Sarah Hannafin, senior policy advisor for school leaders’ union NAHT, said:

“We welcome publication of the advance information on the content of most GCSE, AS and A-Level exams this year, which should now provide teachers and students some help on where to focus their teaching, revision and exam preparations.

“Advance information is not a simple list of what is assessed in the exam; the information is more complex, covers only high tariff questions and might relate to only a particular exam paper or section of it, with different approaches between specifications and subjects. We need to remember this is new to teachers so it will only be over the coming days that we learn whether they believe it will be sufficient to counter the levels of disruption which students have faced due to Covid. 

“We would urge everyone to recognise that students have endured during one of the most pivotal period of their lives which can be pressurised even in ‘normal’ years.  They simply want a fair shot at success in their exams this summer.”

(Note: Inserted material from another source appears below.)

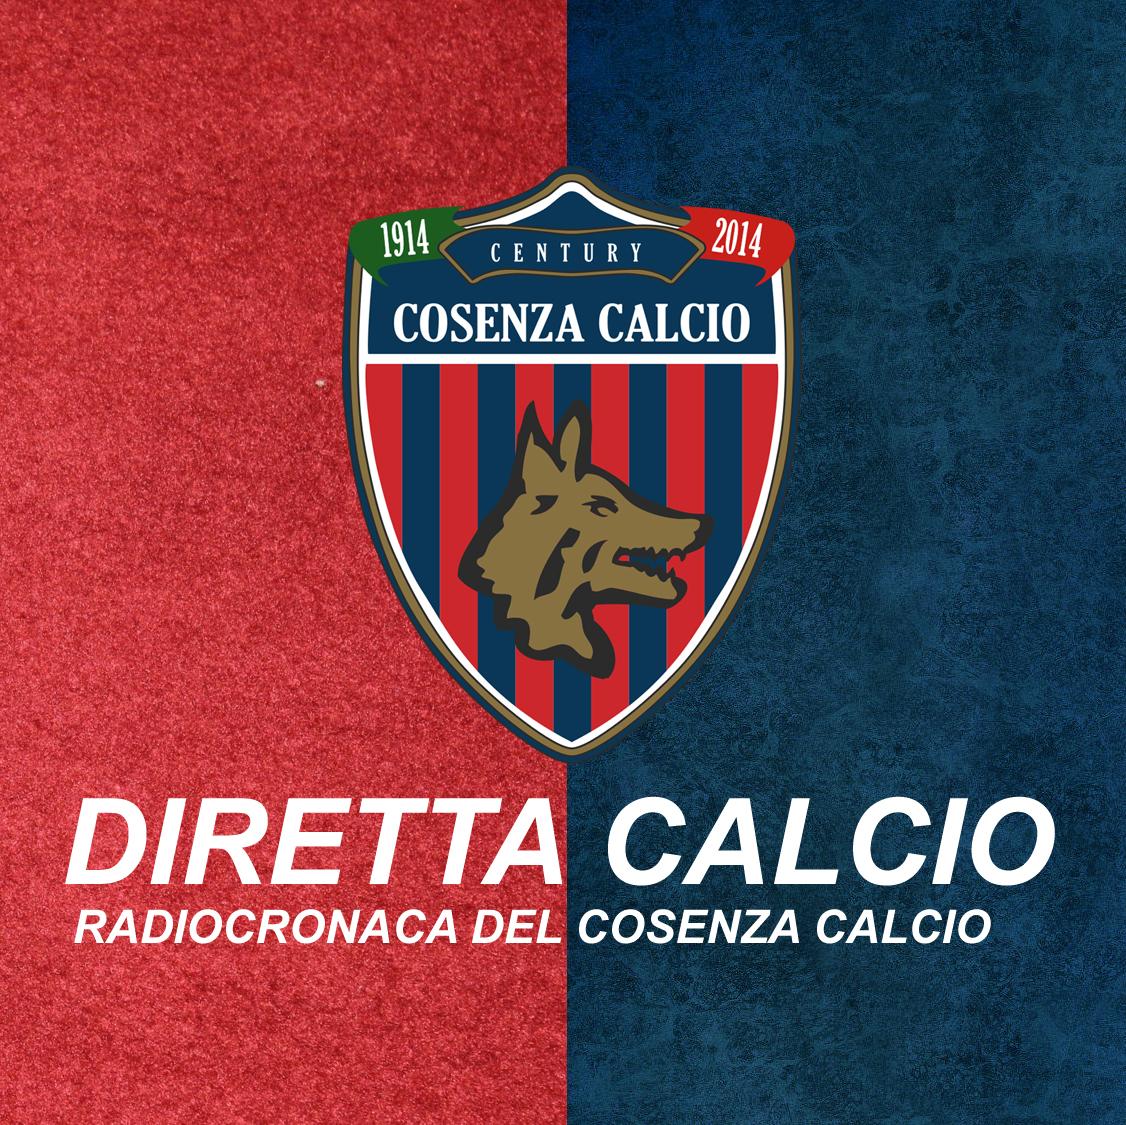 Diretta Calcio Jonica Radio

Simon Carter, Director at RM, explains how digital technology can play an important role in assessment:

“It is clear that today’s students need every advantage they can get. After almost two years of disruption to learning and exams, and many conversations sparked about grading for A-Levels and GCSEs, Ofqual’s decision to lower grade boundaries comes as no surprise. While there were elements of grade inflation last year – especially at A Level – that should not deter schools and teachers from supporting students in every way possible.  At RM we are delighted by the plans to proceed with exams this summer, and are encouraged by the conversations that we are hearing about using the last two years of cancelled exams as a reason to revisit the way that future exams are undertaken in this country. This is because we believe that the best assessment is authentic assessment – which is where we feel digital technology can play an important role.

“Businesses, government and educational institutions need to come together to implement a long-term plan that will help eliminate any accusations of unfair grading, as well as prepare the next generation of workers. This is particularly vital against the backdrop of a digital skills shortage disaster.  By adopting a greater use of technology, digital assessment and invigilation that uses assistive technologies not only improves inclusivity and reduces bias, but ensures the system equips students with the digital skills to succeed in the future.

“Another benefit is the increase in the number of digital tools being utilised to provide ‘checkpoint’ assessments.  This method helps to notify a student when they are ready for their final assessment, which provides both students and teachers valuable insight; and allows students to better understand their level of knowledge so they can build the confidence they need before an important exam to secure the best grade possible.”